Speaking of grammar ambiguity, rustlr also resolves reduces-reduces conflicts by always favoring the first rule that appears in the grammar, although a warning is always printed regardless of trace level.

The grammar requires a separate module, exprtrees.rs, that defines its abstracy syntax type 'Expr' as well as a lexical scanner using an available tokenizing tool (basic_lexer). There is also a separate main.rs
The grammar allows a sequence of arithmetic expressions to be evaluated in turn by separating them with a semicolon. The semicolon also allows us to define a simple error-recovery point: resync ; indicates that when a parser error is encountered, the parser will skip past the next semicolon, then look down its parse stack for a state with which it can continue parsing. In otherwords, failure to parse one expression does not mean it will not try to parse the next ones.
The grammar's abstract syntax uses LBox, which encapsulates a Rust Box along with the line number, column number, and potentially other information associated with each syntactic construct.
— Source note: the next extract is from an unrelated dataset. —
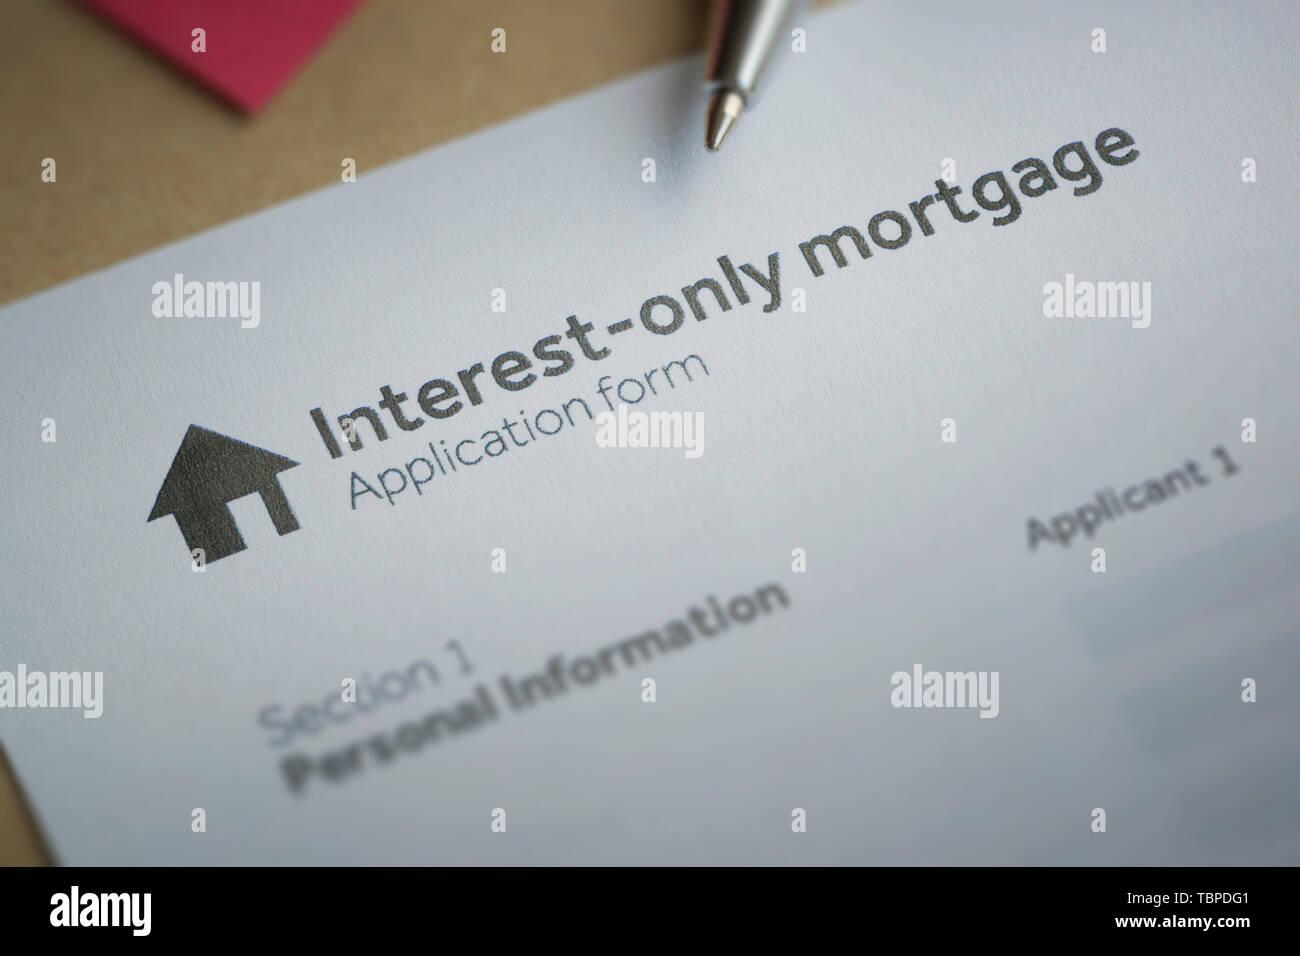 Un'applicazione fittizia forma di suggerire una persona sta valutando la possibilità di applicare per un interesse di ipoteca soltanto su una casa. Immagini Stock

LBox works like a Box in that it implements deref coercion on the boxed value, but which also carries along the additional information when they're needed. The parser.lb function invoked from within the semantic actions automatically transfers the parser's lexical information while creating an LBox. It is recommended that LBox (or LRc) be used instead of Box (Rc) when defining the recursive enums and structs that typically form the abstract syntax representation. This allows accurate error reporting after the parse tree is built, as in the division-by-zero example explained below.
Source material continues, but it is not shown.